The final container which is sorted by a user defined criteria must be
able to handle this amount of data.

Info: basically each value of that sorted container is a pointer to the
real data.

Final scope: we display the data in a table which provides index based
positions (row)

NOW, what is the right way to implement a fast container for this?

Some of the problems I was confronted with:
- Using a std::vector deletion/insertion is expensive, is it?
- Using a std::set I have no index access. Or is there a way to handle this properly?
- Somebody told me something about a weighted balanced tree as possible solution.
- Somebody else told me to use standard containers only.

You didn't say whether the order of the objects in a container is
important. If you can define deletion from your custom vector as
swapping with the last element and resizing by -1, it's fast. Insertion
at the end is not too bad, and causes reallocation only once in a while
(when the vector grows past its capacity), and you can kind of control
that by managing the capacity at "calm" times (shooter's rule: reload
when you have a chance, don't wait 'til you're empty).

Also, consider std::deque, it's appends are even faster than vector's.

V
 
J

jacob navia

Le 02/11/11 16:43, Leigh Johnston a écrit :
[snip]

if you want fast inserts/deletes
anywhere but also want fast indexing then consider using my
"segmented_array" container which can be found at:

http://i42.co.uk/stuff/segmented_array.htm

/Leigh

Actually this is a list of vectors. Why should be faster
than using list and vector?

As far as I can read from your code
you do not use those containers. Why?

Thanks for publishing that code, it is full of ideas.

jacob
 
W

Werner

There are written so many articles but no article is really providing
the answer I'm looking for.

Given a scenario with 100000 data elements the day (500000 the week).
Potential we might have 3000-5000 updates for individual elements
each second.

Imagine a filter that decides on each update the a data element will
be added, updated or removed.

The final container which is sorted by a user defined criteria must be
able to handle this amount of data.

Info: basically each value of that sorted container is a pointer to the
real data.

Final scope: we display the data in a table which provides index based
positions (row)

NOW, what is the right way to implement a fast container for this?

Some of the problems I was confronted with:
- Using a std::vector deletion/insertion is expensive, is it?
- Using a std::set I have no index access. Or is there a way to handle this properly?
- Somebody told me something about a weighted balanced tree as possible solution.
- Somebody else told me to use standard containers only.

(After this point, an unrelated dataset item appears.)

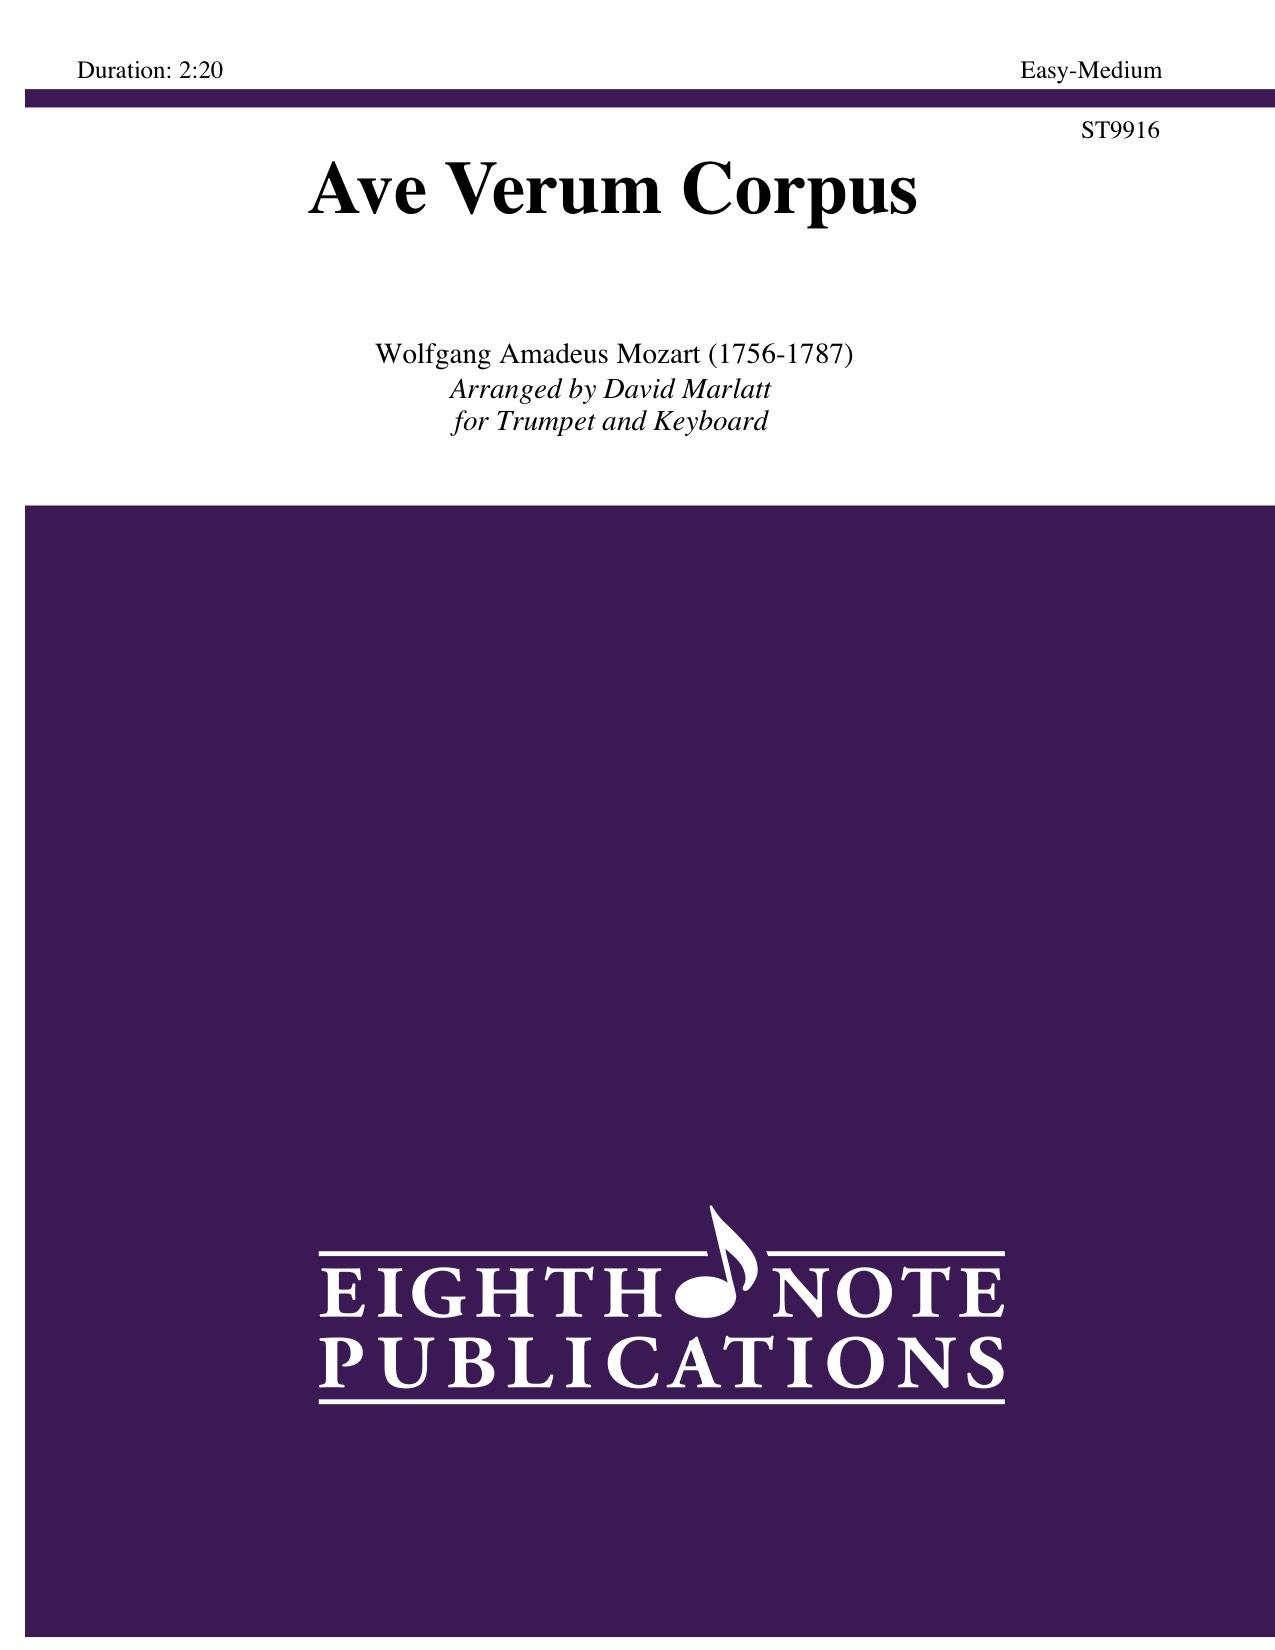 Ave Verum Corpus   - Wolfgang Amadeus Mozart

I think you can use a combination of list and vector.
The list is used for fast insertions, deletions etc of the data
elements,
and the vector contains iterators that are sorted iaw. criteria as
defined by the actual data elements, and not the iterator (list
unsorted).

The vector always remains sorted (insertion of iterator via
lower_bound).

You have the benefit of random access iterators for fast access on
sorted sequence.
You have the benefit of fast insertion, removal.

Adding data elements happen by pushing back onto the list, and adding
the iterator to the sorted sequence (vector).
Removing data elements happen by finding the item in the (sorted)
vector
and using the iterator to erase the data element from the list. The
"referring" iterators in the vector remain valid.

Kind regards,

Werner
 
W

Werner

I think you can use a combination of list and vector.
The list is used for fast insertions, deletions etc of the data
elements,
and the vector contains iterators that are sorted iaw. criteria as
defined by the actual data elements, and not the iterator (list
unsorted).

typedef std::list<DataElement> ElementList;
typedef std::vector<ElementList::iterator> ElementRefSequence;
ElementList elementList;
ElementRefSequence elementRefSequence;
 
T

Thomas Lehmann

Maybe I'm doing something wrong but comparing to vector
and deque your segmented_array is not faster.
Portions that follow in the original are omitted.